Atherosclerosis involves complex interactions between various immune cells, endothelial cells, and vascular smooth muscle cells. Inflammatory mediators, such as cytokines, chemokines, and adhesion molecules, play critical roles in recruiting immune cells to the vessel wall, promoting lipid accumulation, and triggering plaque formation. Chronic inflammation contributes to the progression of plaques from stable to vulnerable phenotypes, characterized by thin fibrous caps, increased lipid content, and heightened susceptibility to rupture. Such ruptures can trigger thrombosis and subsequent myocardial infarction. Key inflammatory pathways implicated in CAD include the nuclear factor-kappa B pathway, inflammasome activation, and cytokine signaling. Cellular components, including monocytes, macrophages, T lymphocytes, and mast cells, interact to perpetuate inflammation and tissue remodeling within the arterial wall.

Numerous preclinical studies have evaluated the efficacy of anti-inflammatory agents in CAD models. These studies have targeted specific inflammatory pathways, interleukin-1 blockade, and modulation of lipid metabolism-associated inflammation. Promising results include the attenuation of plaque formation, stabilization of vulnerable plaques, and reduced risk of adverse cardiovascular events [4,5]. Clinical trials have investigated the efficacy and safety of antiinflammatory strategies in CAD patients.
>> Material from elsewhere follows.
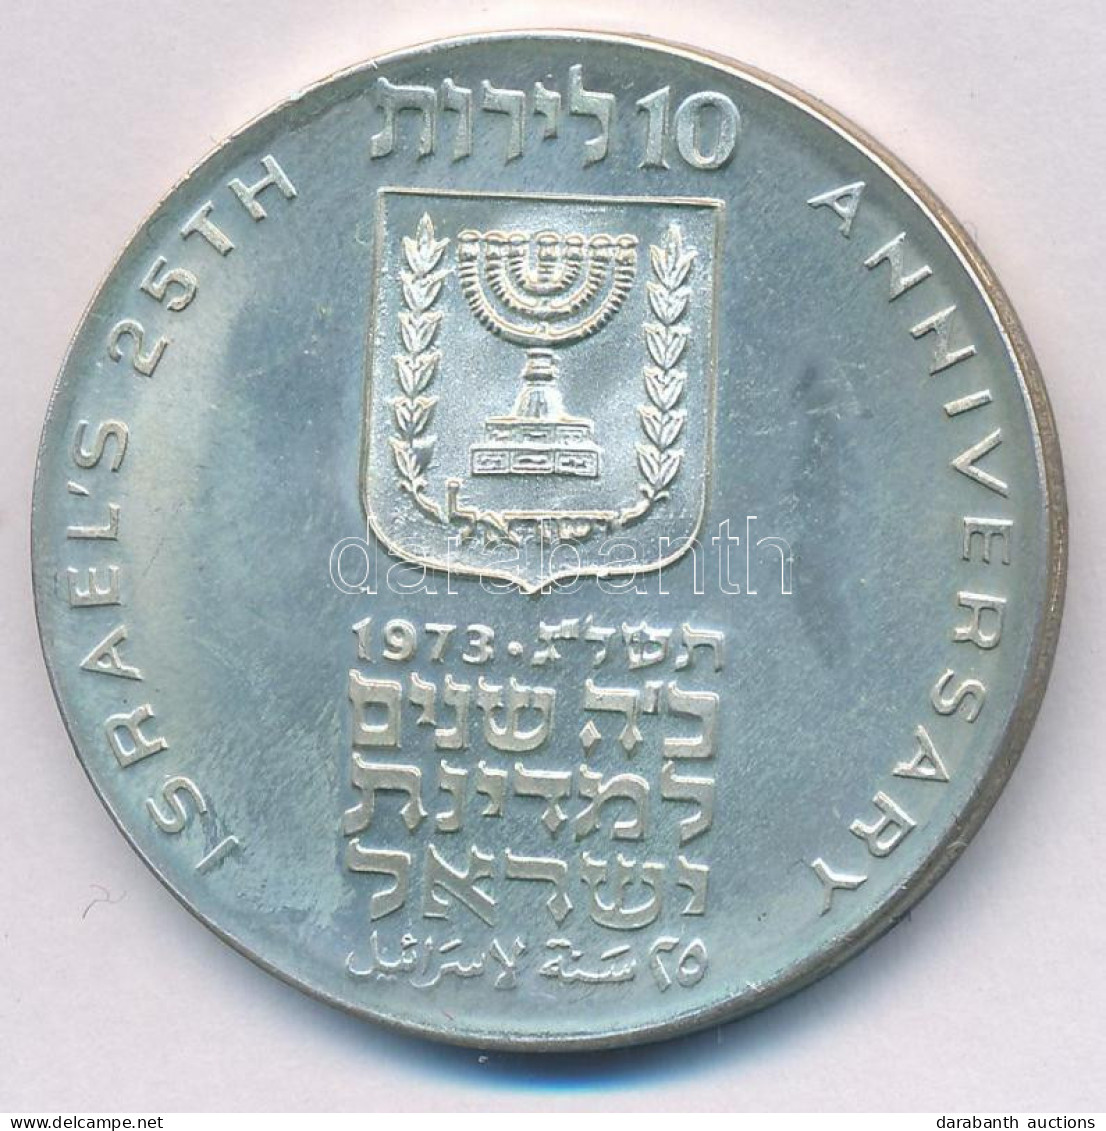 Izrael 1973. 10L Ag "A Függetlenség 25. évfordulója" Forgalomba Nem Került Emlékkiadás Dísztokban, Tanúsítvánnyal T:PP P - Ohne Zuordnung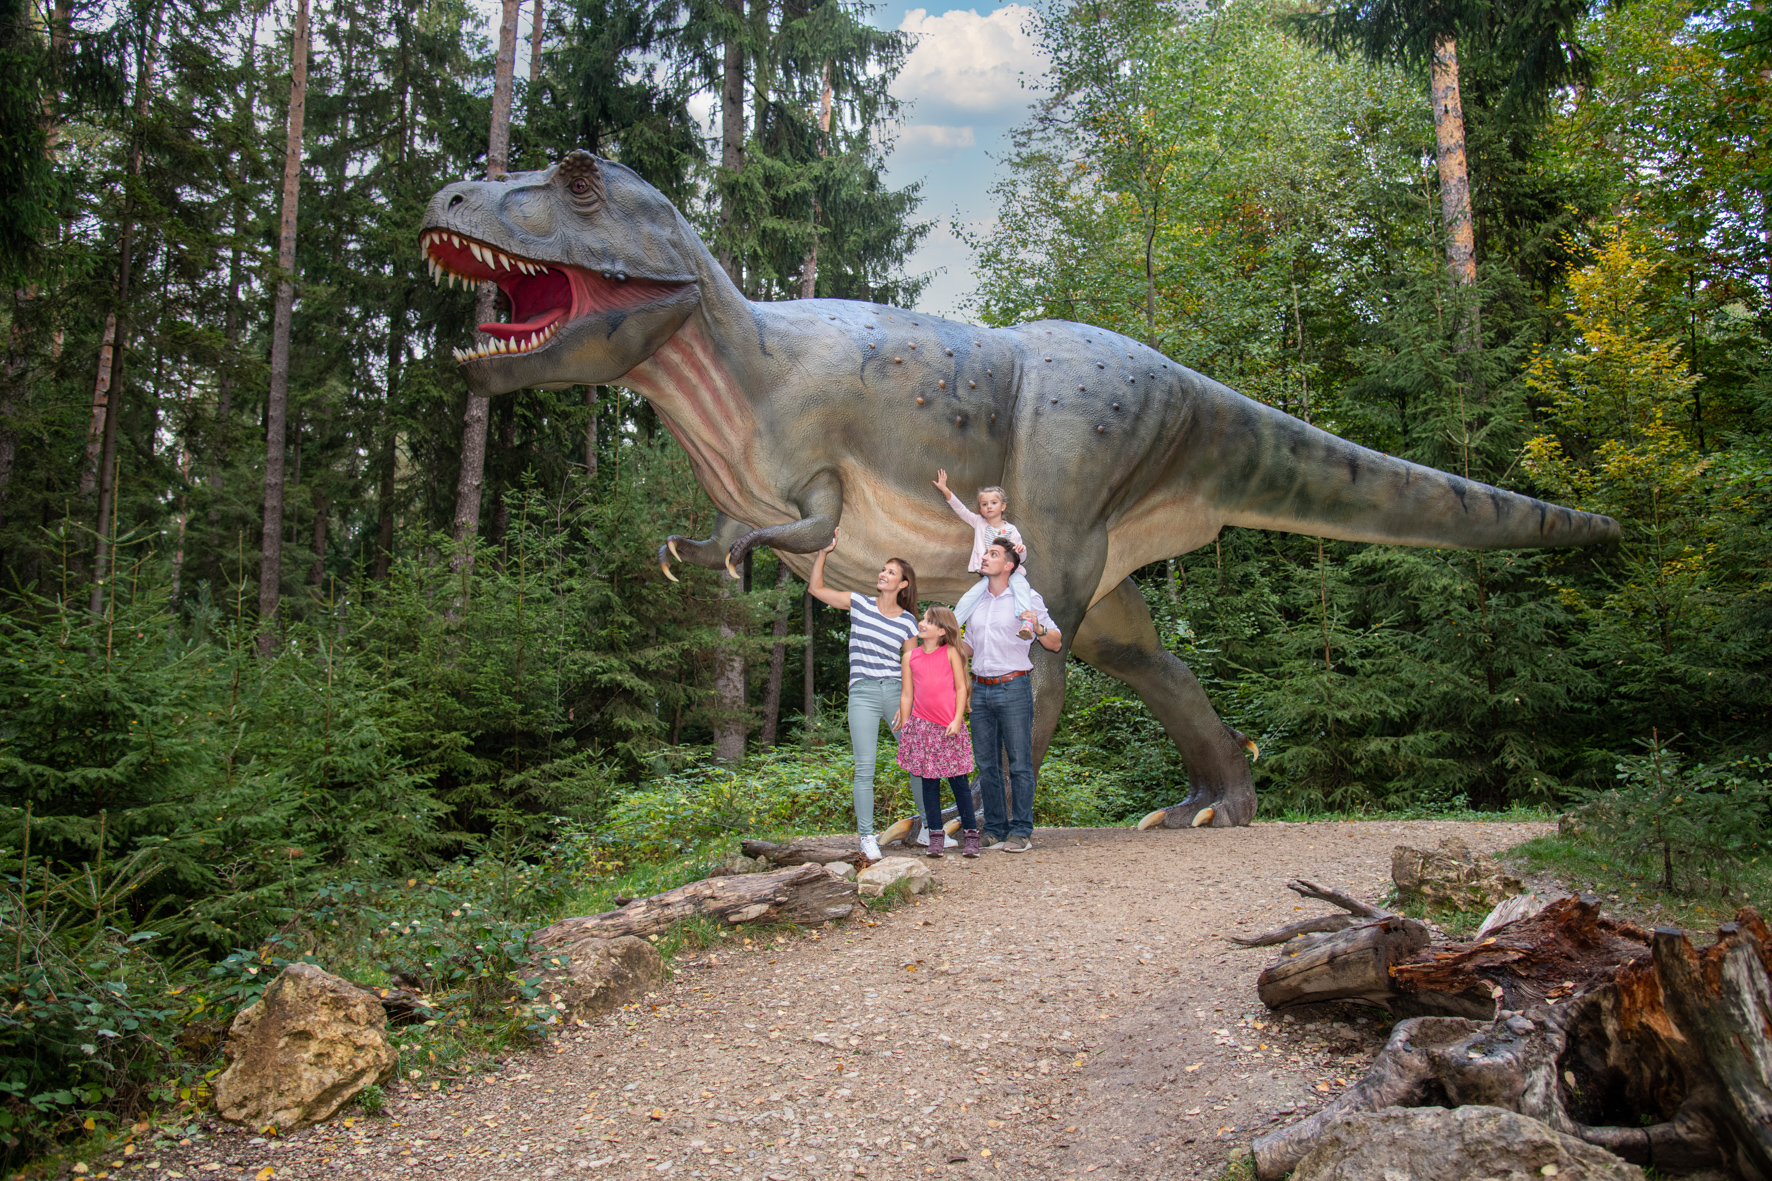 Familienticket für das Dinosaurier Museum Altmühltal inkl. Verpflegung

Notably, the CANTOS trial demonstrated that canakinumab, reduced the risk of recurrent cardiovascular events. Other trials have explored colchicine, methotrexate, and statin therapy in reducing inflammation and cardiovascular risk. However, challenges persist, including patient selection, potential side effects, and long-term outcomes. While targeting inflammation offers promising avenues for CAD management, several challenges need to be addressed. Identifying suitable biomarkers to stratify patients based on inflammatory risk, understanding the optimal duration and timing of treatment, and assessing potential off-target effects are crucial considerations.

Conclusion

Inflammation plays a central role in all stages of CAD pathogenesis. Emerging evidence from preclinical studies and clinical trials supports the notion that targeting inflammation could revolutionize CAD management by providing a complementary approach to existing therapies. Collaborative efforts among researchers, clinicians, and pharmaceutical industries are pivotal to advancing the field and translating anti-inflammatory interventions into effective clinical practice.